No. The SCC was clear that the duty of honest contractual performance is not a duty of disclosure. While you do not have to immediately disclose that the contract is going to be terminated, your organization should avoid making misrepresentations about the future of your relationship or otherwise misleading your counterparty.
For example, telling your counterparty that the contract will not be terminated, or will likely be extended, is misleading. This conduct may violate the duty of honest performance.
You should also be careful about what conclusions your counterparty may draw from your conduct. For example, if you discuss the terms of a potential renewal of the contract, your counterparty may incorrectly infer that the contract is likely to continue. In those circumstances, you may need to consider whether you have a duty to correct the counterparty’s mistake.
WHAT ARE SOME PRACTICAL TIPS TO AVOID BREACHING THE DUTY OF HONEST PERFORMANCE?
Although Callow underscored the fact-specific nature of a breach of the duty of honest performance, some best practices to consider are:
Everyone in your organization should be on the same page about matters relevant to the contract.
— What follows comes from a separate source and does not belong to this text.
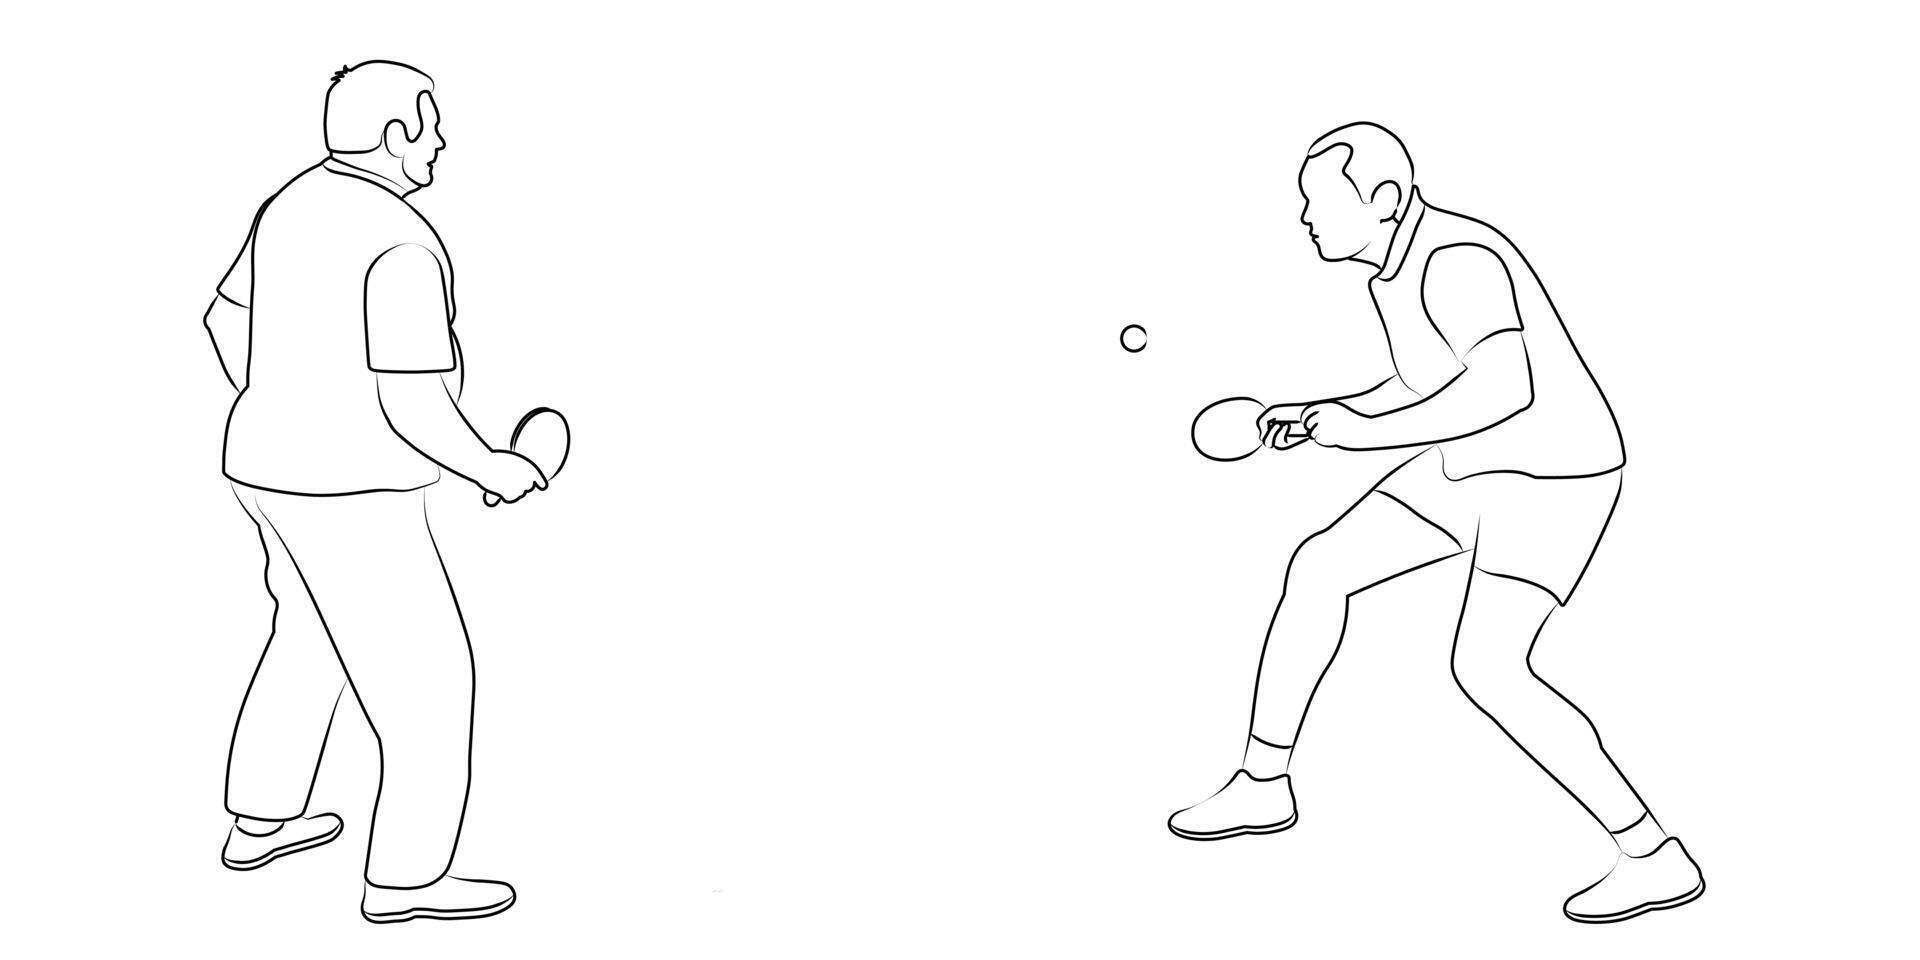 Single silhouettes of tennis players with racket and ball, line art, isolated vector

It is important that communications with contractual counterparties be coordinated. If your business has decided to terminate a contract with a counterparty, but someone within your organization tells the counterparty that the contract is likely to continue, that may risk a breach of the duty of honest performance. In Callow, for example, a majority of the SCC decided that Baycrest violated its duty of honest contractual performance after deciding to terminate the contract, because one of its directors told Callow that the contract was likely to be extended.
Carefully consider any communications about the future of the contractual relationship if termination is under consideration. You are not required to disclose to your counterparty that you are considering terminating the contractual relationship, nor are you required to answer their questions on the topic. However, if your business is considering terminating a contract, consider whether it is preferable to avoid any discussion about the future of the relationship until a decision is made.
If your organization’s words or conduct have misled your counterparty about the contractual relationship, correct the mistake as soon as possible. A prompt correction could also reduce or eliminate any damages that could flow from the breach of the duty of honest performance.
Blakes lawyers Catherine Beagan Flood, Nicole Henderson and Christopher DiMatteo acted for the intervener, Canadian Federation of Independent Business, in this matter.